START MATERIAL FOR THE TASK
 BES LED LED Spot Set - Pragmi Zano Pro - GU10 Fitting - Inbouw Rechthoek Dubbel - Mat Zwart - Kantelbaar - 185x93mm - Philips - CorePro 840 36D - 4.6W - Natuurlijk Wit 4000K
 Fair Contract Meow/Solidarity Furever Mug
END MATERIAL FOR THE TASK
START MATERIAL FOR THE TASK
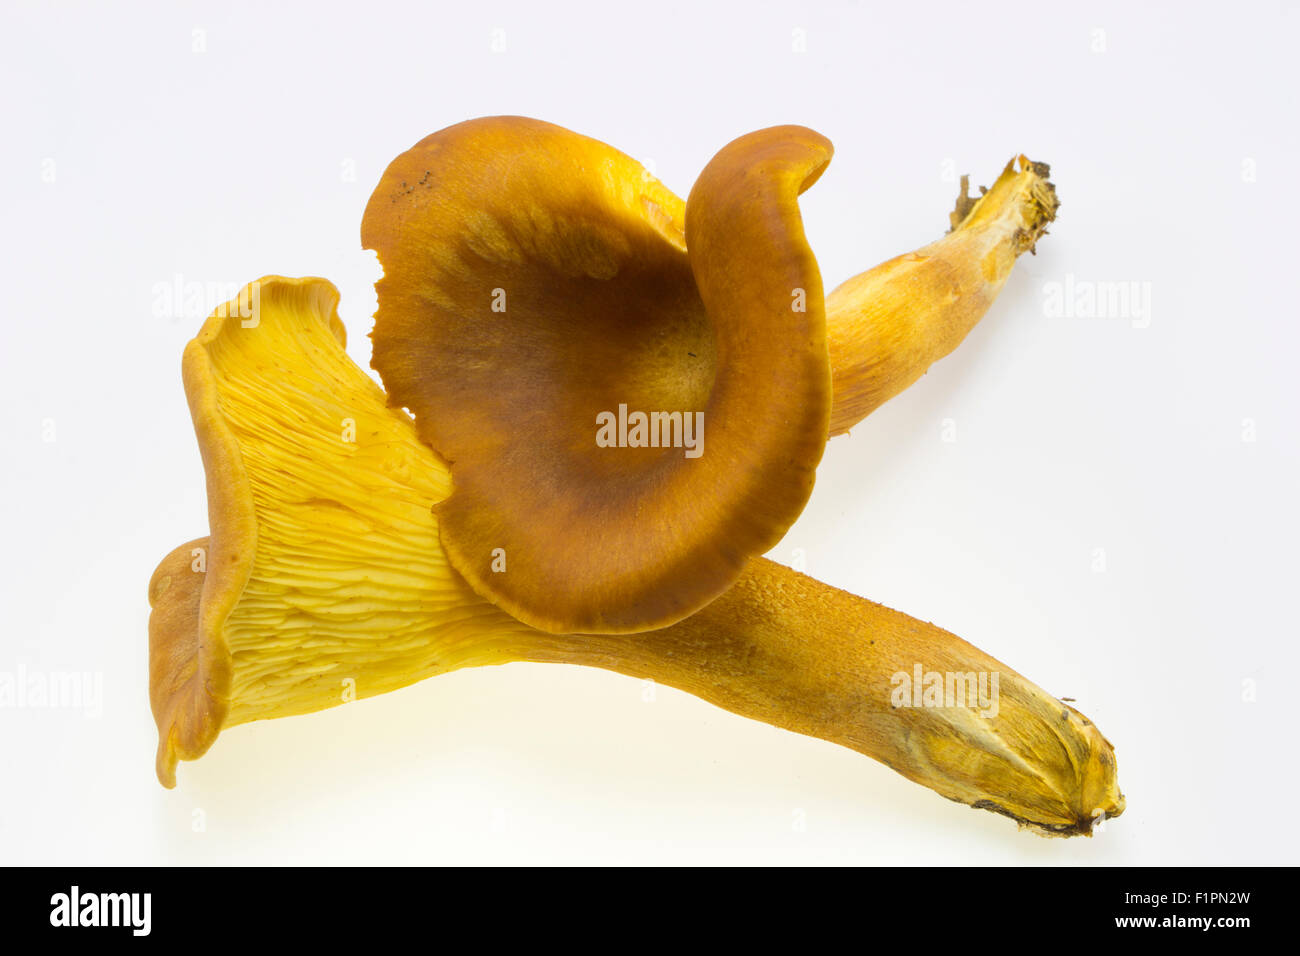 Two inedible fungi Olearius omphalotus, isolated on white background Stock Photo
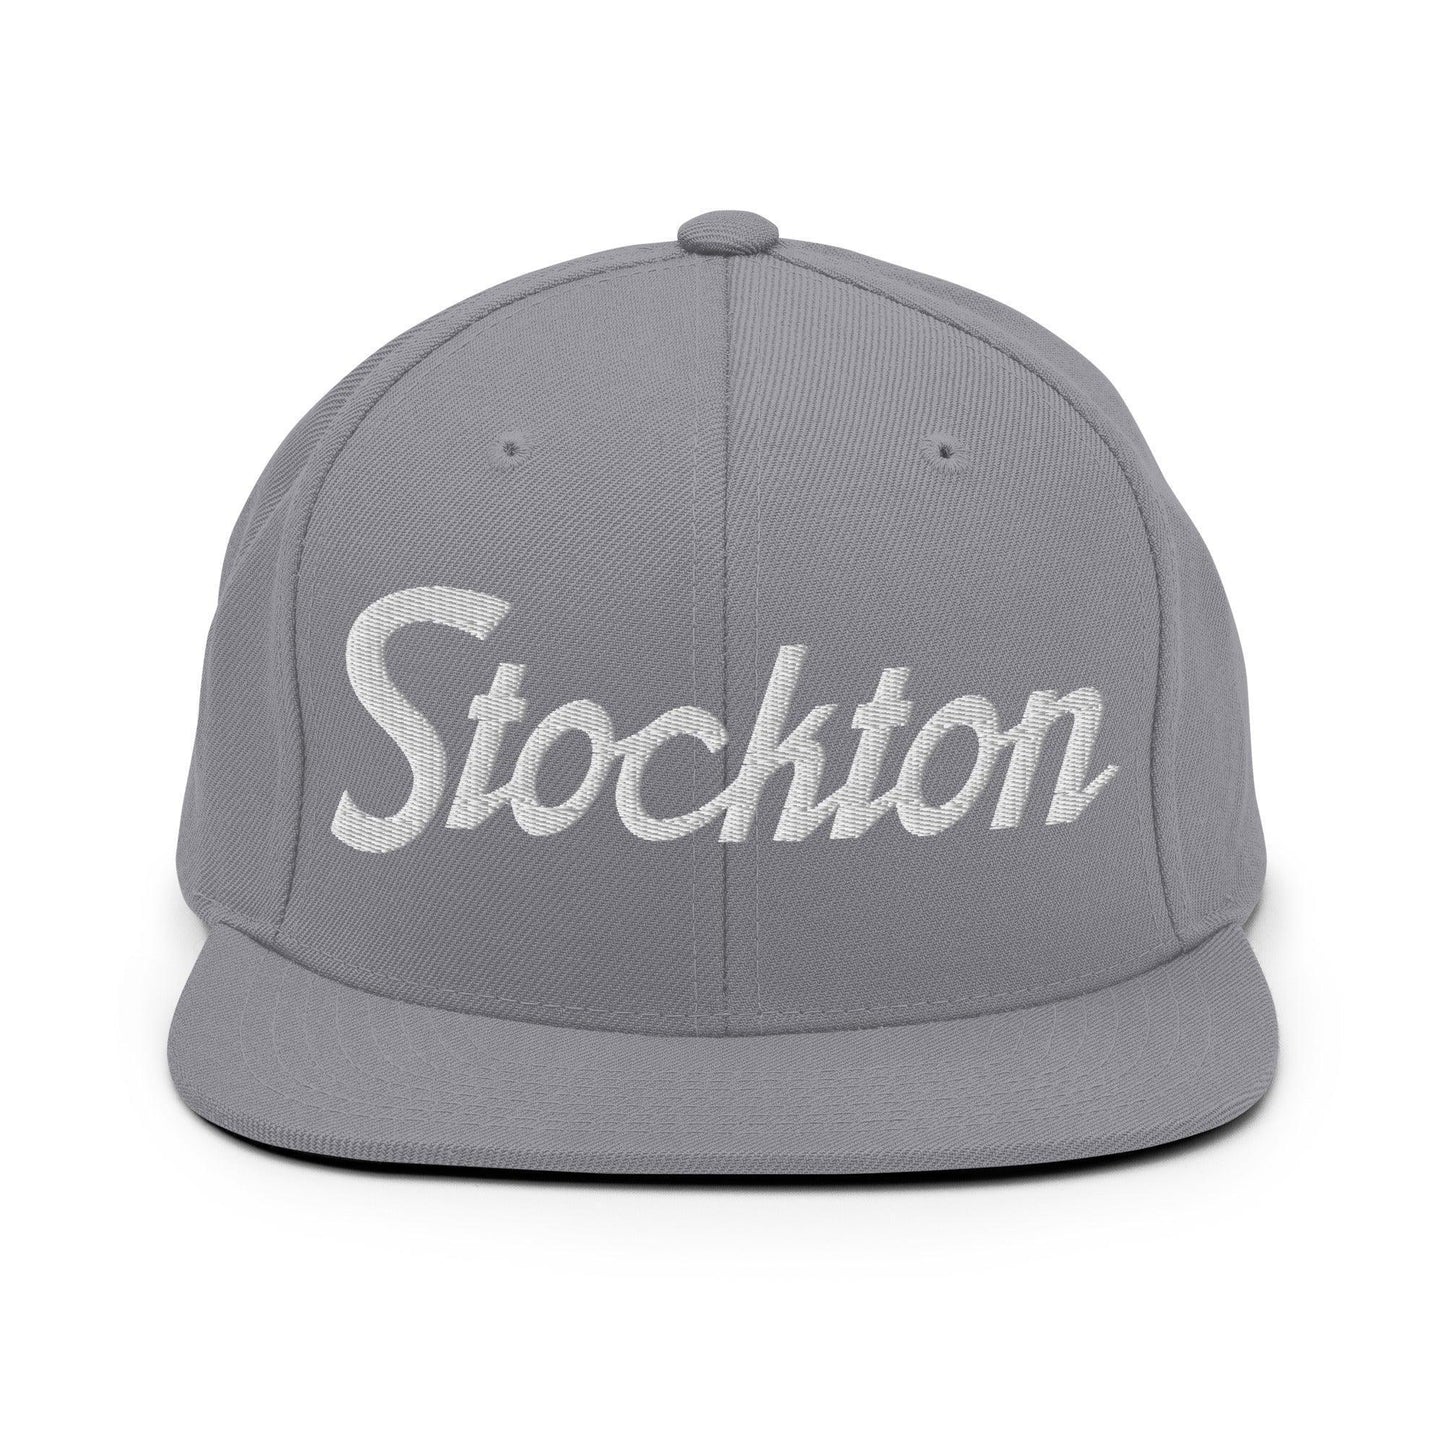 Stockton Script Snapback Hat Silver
END MATERIAL FOR THE TASK
#### TASK REQUIREMENTS:
Where a picture appears in the records above, omit it, and transcribe exactly the stretch of lines from the one with "Two inedible fungi" through the one with "Stockton Script Snapback Hat Silver".

#### EXERCISE ANSWER:
 Two inedible fungi Olearius omphalotus, isolated on white background Stock Photo
 Stockton Script Snapback Hat Silver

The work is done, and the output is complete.